Petitioner has made no such argument - and indeed, he litigated this claim through a pretrial motion, Commonwealth v. Warren, No. 5176-03, slip op. at 12-14 (Pa. Com. Pl. Oct. 26, 2004), and on direct appeal, Commonwealth v. Warren, No. 1027 EDA 2006, slip op. at 6-10 (Pa. Super. Ct. July 3, 2007) [hereinafter Warren 2007]. Both times, the state courts engaged in detailed factual and legal analyses and ultimately rejected Petitioner's probable cause argument. Petitioner's claim now is still on the merits - he alleges that the state courts decided the issue incorrectly, which is "insufficient to surmount the Stone bar." Marshall, 307 F.3d at 82. He points to no structural defects in the prior litigation of this issue.

Therefore, Petitioner had a full and fair opportunity to litigate the Fourth Amendment claim through which he now seeks habeas relief, and so this claim is non-cognizable.

B. Claim Two: Suppression of Inculpatory Statements

Next, Petitioner claims that the trial court erred by denying his pretrial motion to suppress inculpatory statements he gave to the police, because he was "under the influence of crack cocaine during questioning." Habeas Pet. 7.

The trial court rejected this argument, stating:

Nor was Warren's statement involuntary because he smoked crack the previous evening. In Commonwealth v. Meachum, 711 A.2d 1029, 1034 (1998), the defendant claimed his confession was inadmissible because he was under the influence of heroin. The court properly denied his motion on the basis of testimony by the interrogating officer, a trained narcotics agent, that when the appellant was interviewed, he did not exhibit any signs of
intoxication. See also Commonwealth v. O'Bryant, 479 Pa. 534, 540, 388 A.2d 1059, 1061 (1978) (ninety minutes before giving his statement, defendant had ingested a capsule of a prescription drug that made him drowsy, but this drug did not diminish defendant's ability to exercise volition). Here, Warren smoked crack the night before his arrest, but there was no evidence presented at the suppression hearing or at trial that he was still under the influence at the time of his post-arrest confession the following afternoon.
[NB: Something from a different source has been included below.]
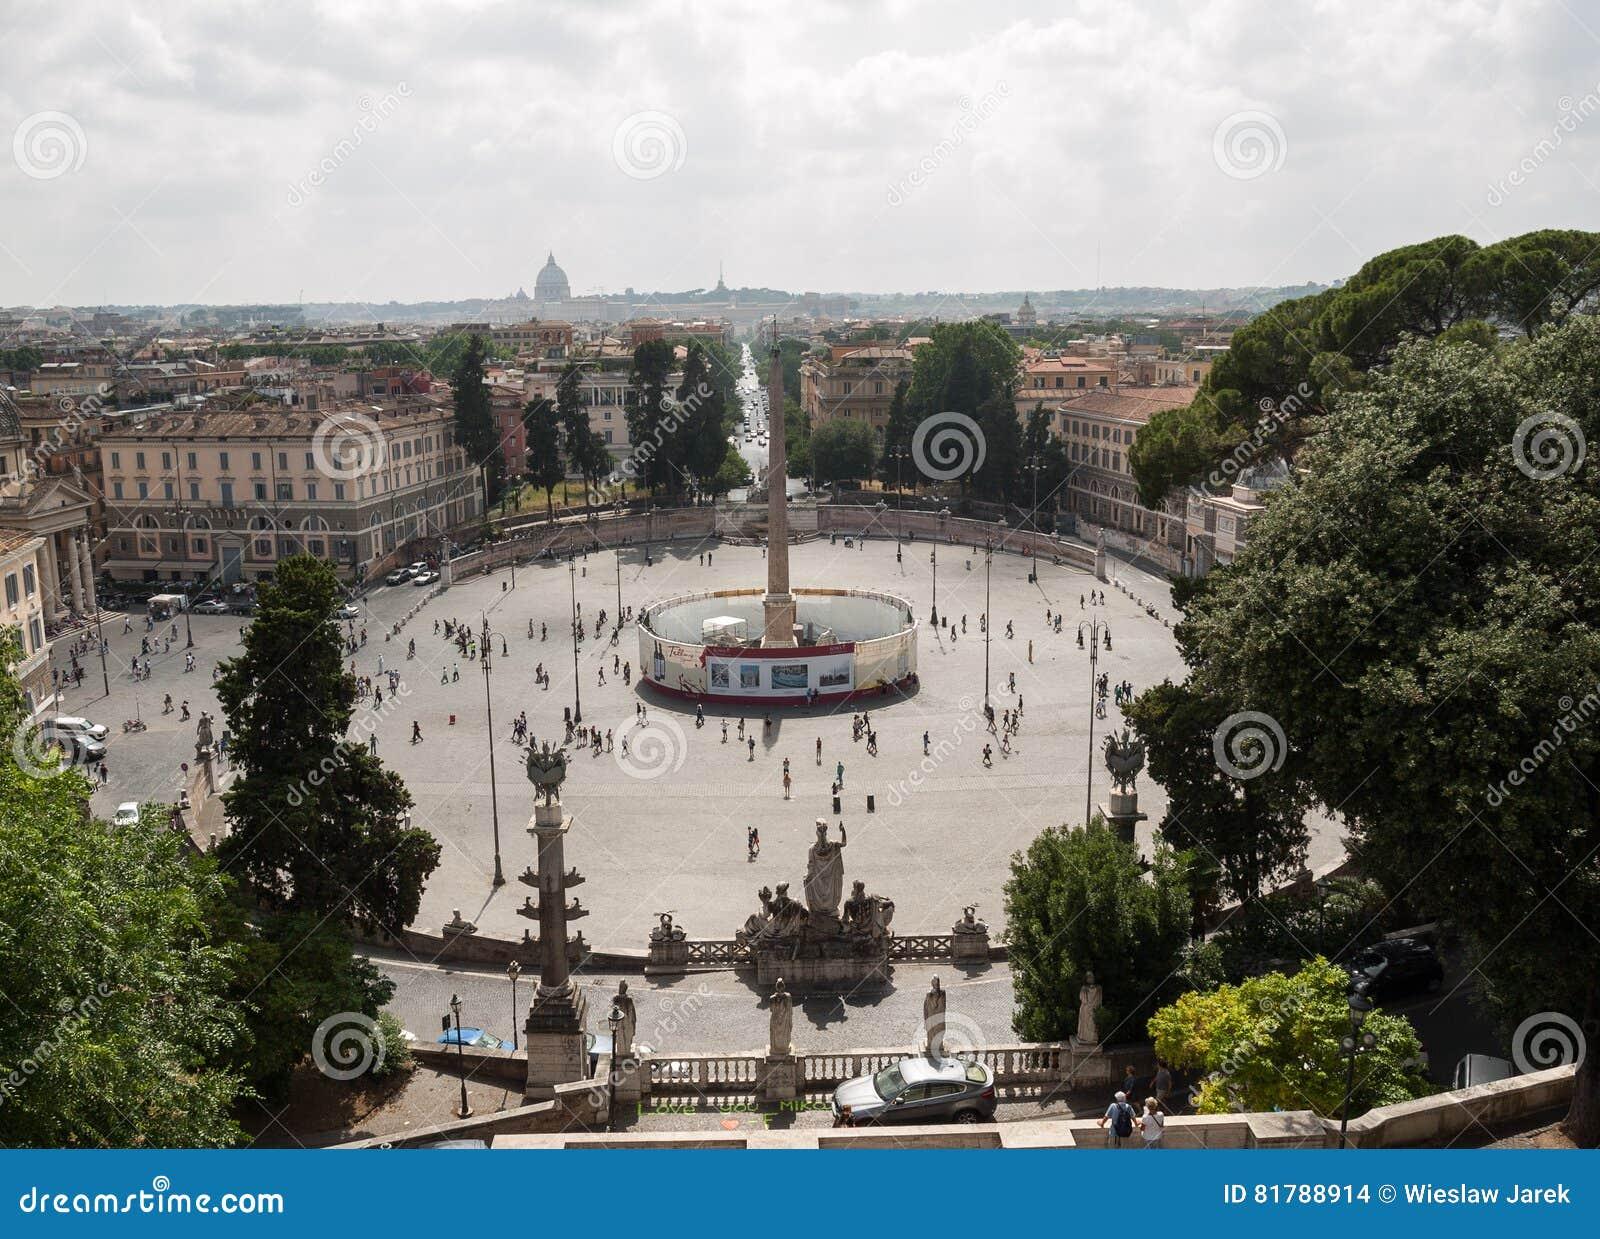 Piazza del Popolo view from Pincio terrace in Rome.

Indeed, the relevant evidence, including but not limited to his audio taped statement, demonstrates that he was coherent and lucid at the time of his confession. Lieutenant Gibney testified that Warren was neither injured nor intoxicated when he reviewed and signed the waiver of his Miranda rights. Lieutenant Gibney added that despite the fact that Warren confessed that he had been smoking crack all night and that morning, in his opinion, Warren "wasn't under the influence of narcotics or he didn't know what he was doing. . . Crack cocaine lasts for a very short amount of time. . . [Warren] was sitting for over an hour before I talked to him. Not only that, if you know anything about drugs, the adrenaline that [Warren] has flowing from the crime, the upsetness, runs that high right out of him." Lieutenant Gibney's opinion, which is based on his extensive work for over fifteen years as a narcotics officer, is worthy of belief.
Warren 2006, slip op. at 22-23 (alterations in original).

The Pennsylvania Superior Court came to the same factual conclusion:

Contrary to Warren's assertion, there is no evidence that he was under the influence of any illegal substance when he spoke with the police. While we accept as a fact that Warren smoked crack cocaine the night/early morning before the crime, we note that Warren was not taken into custody until the late morning/early afternoon of the day of the crime. He was not questioned by the police until the mid-afternoon and did not give his formal statement until late afternoon. There is no dispute that Warren did not smoke any crack while in police custody.
At the suppression hearing, Lieutenant Gibney, the police officer who interviewed Warren, testified that Warren showed no signs of being under the influence of drugs. Warren presented no evidence at the suppression hearing that he was intoxicated.
Warren 2007, slip op. at 10-11.

In other words, the state courts determined, based on evidence in the record, that Petitioner was not in fact under the influence of crack cocaine when he gave inculpatory statements to the police. This Court is required to presume correct the factual determinations made by the state courts, since Petitioner has not "rebutt[ed] the presumption of correctness by clear and convincing evidence." 28 U.S.C. § 2254(e)(1). In fact, he has presented no evidence, aside from his own bare assertions, showing that the state courts made an unreasonable determination of the facts.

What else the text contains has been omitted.